#### Task statement:
In the listing below, find the line with "Skyline lance sa" and copy every line from there up to and including the line with "Collier argent artisanal", exactly and without pictures.

#### Record excerpts:
========

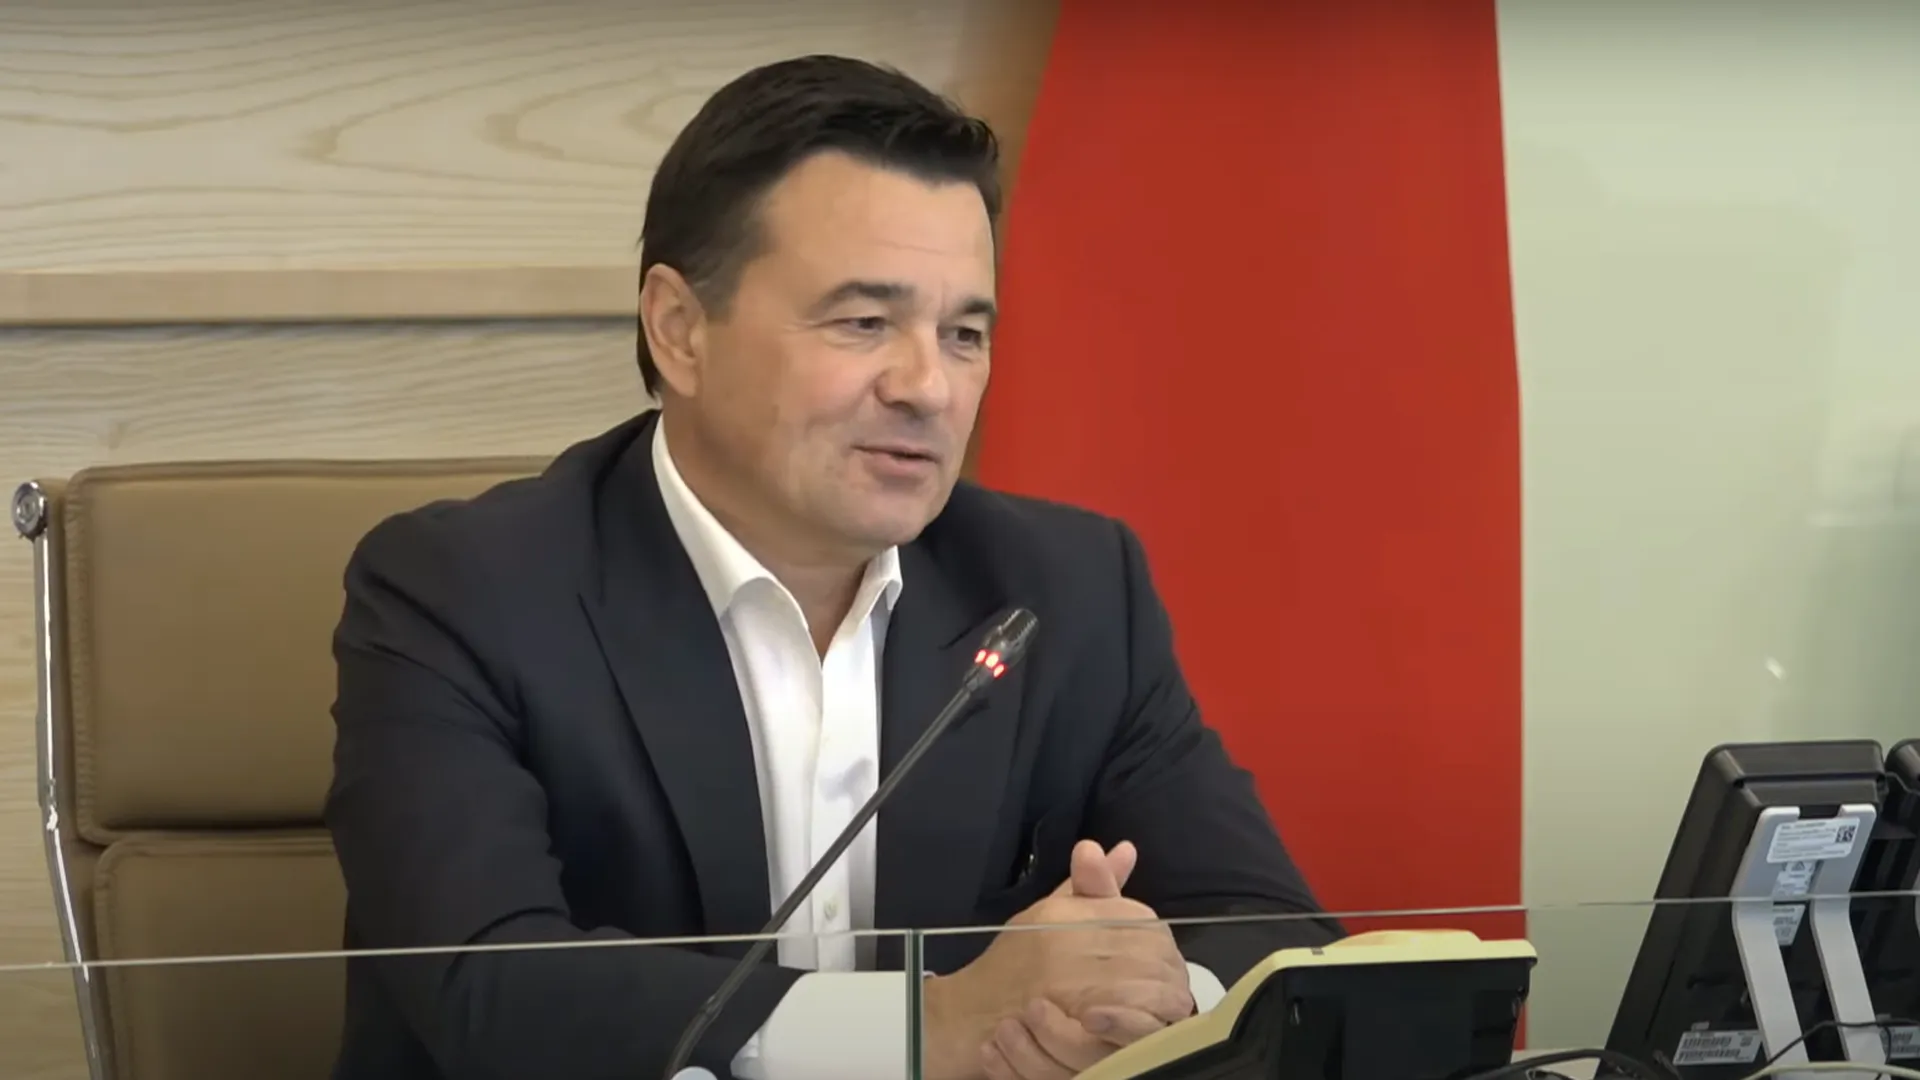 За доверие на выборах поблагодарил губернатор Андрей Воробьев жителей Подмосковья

========

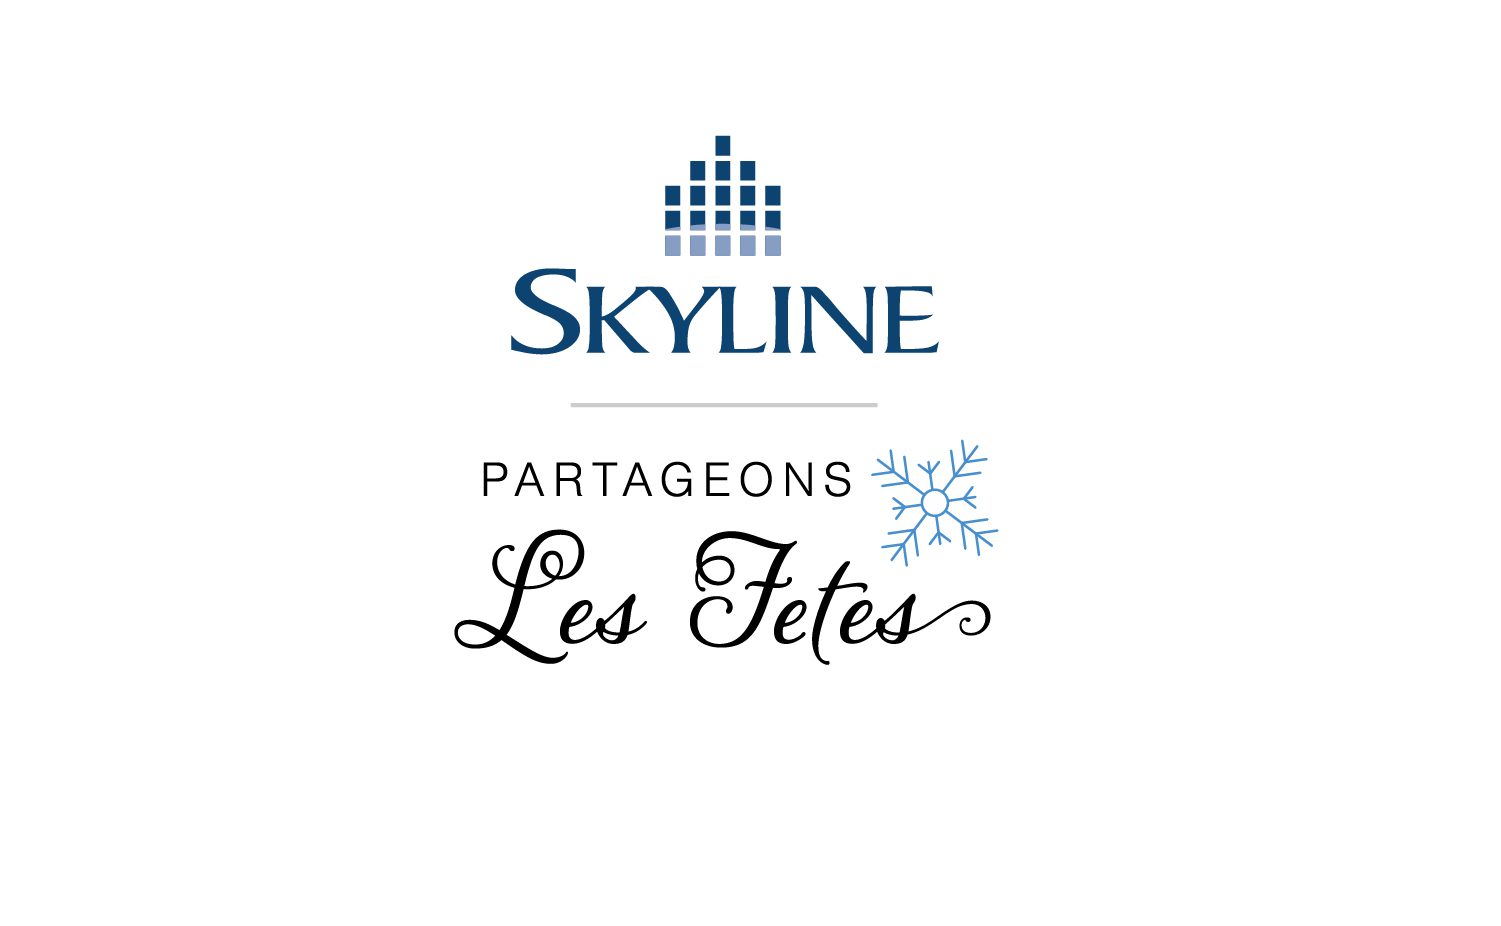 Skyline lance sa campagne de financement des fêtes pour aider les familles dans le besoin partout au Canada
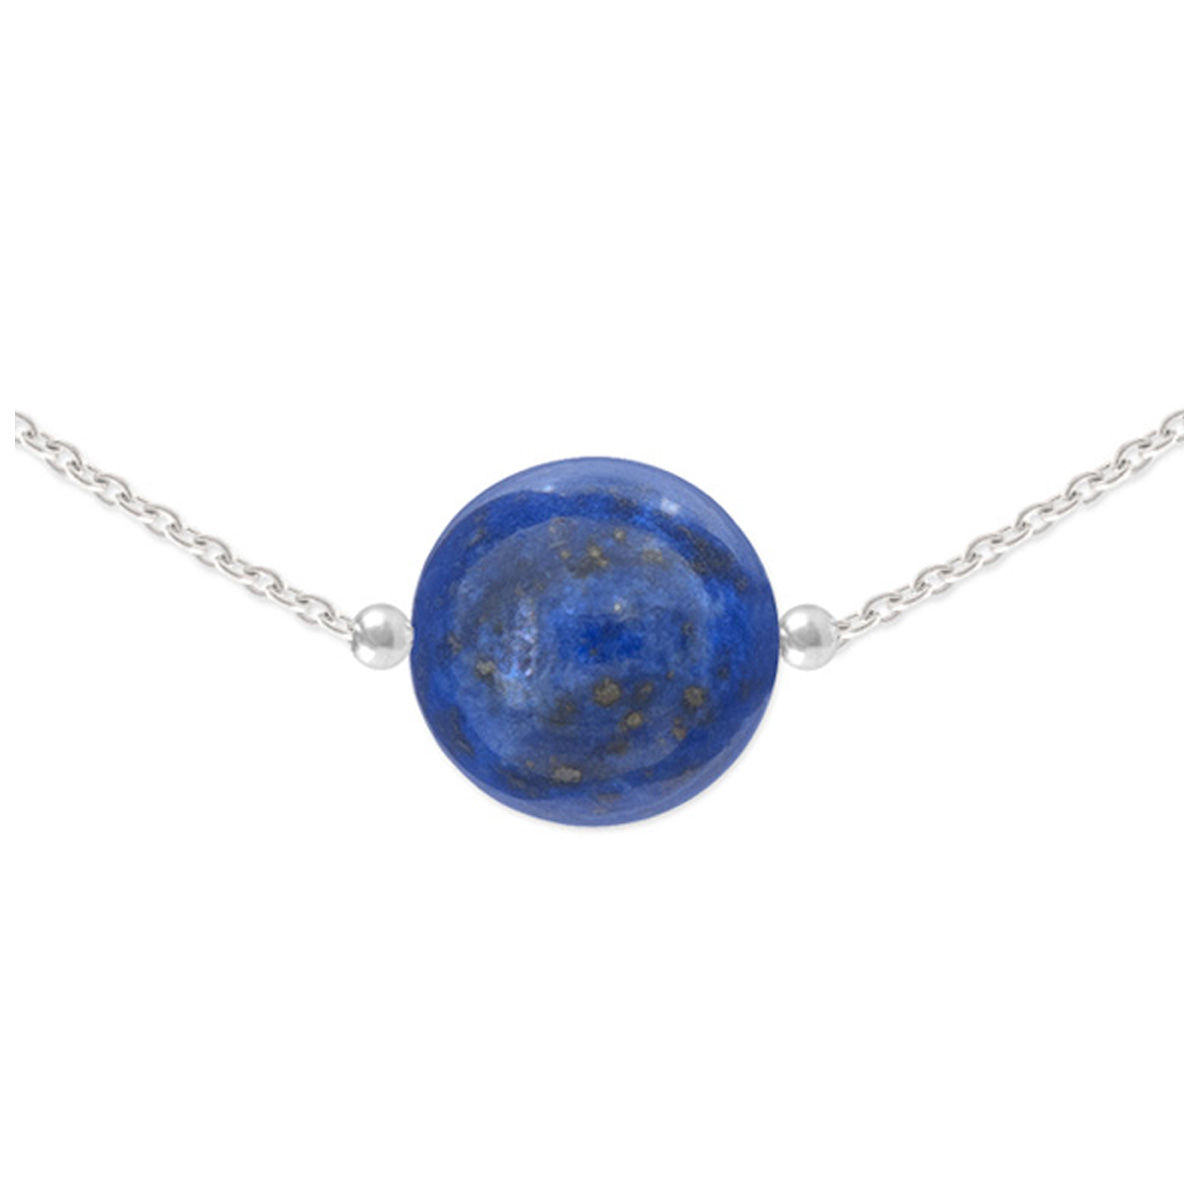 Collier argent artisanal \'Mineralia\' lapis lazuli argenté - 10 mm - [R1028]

========

#### Output below:
 Skyline lance sa campagne de financement des fêtes pour aider les familles dans le besoin partout au Canada
 Collier argent artisanal \'Mineralia\' lapis lazuli argenté - 10 mm - [R1028]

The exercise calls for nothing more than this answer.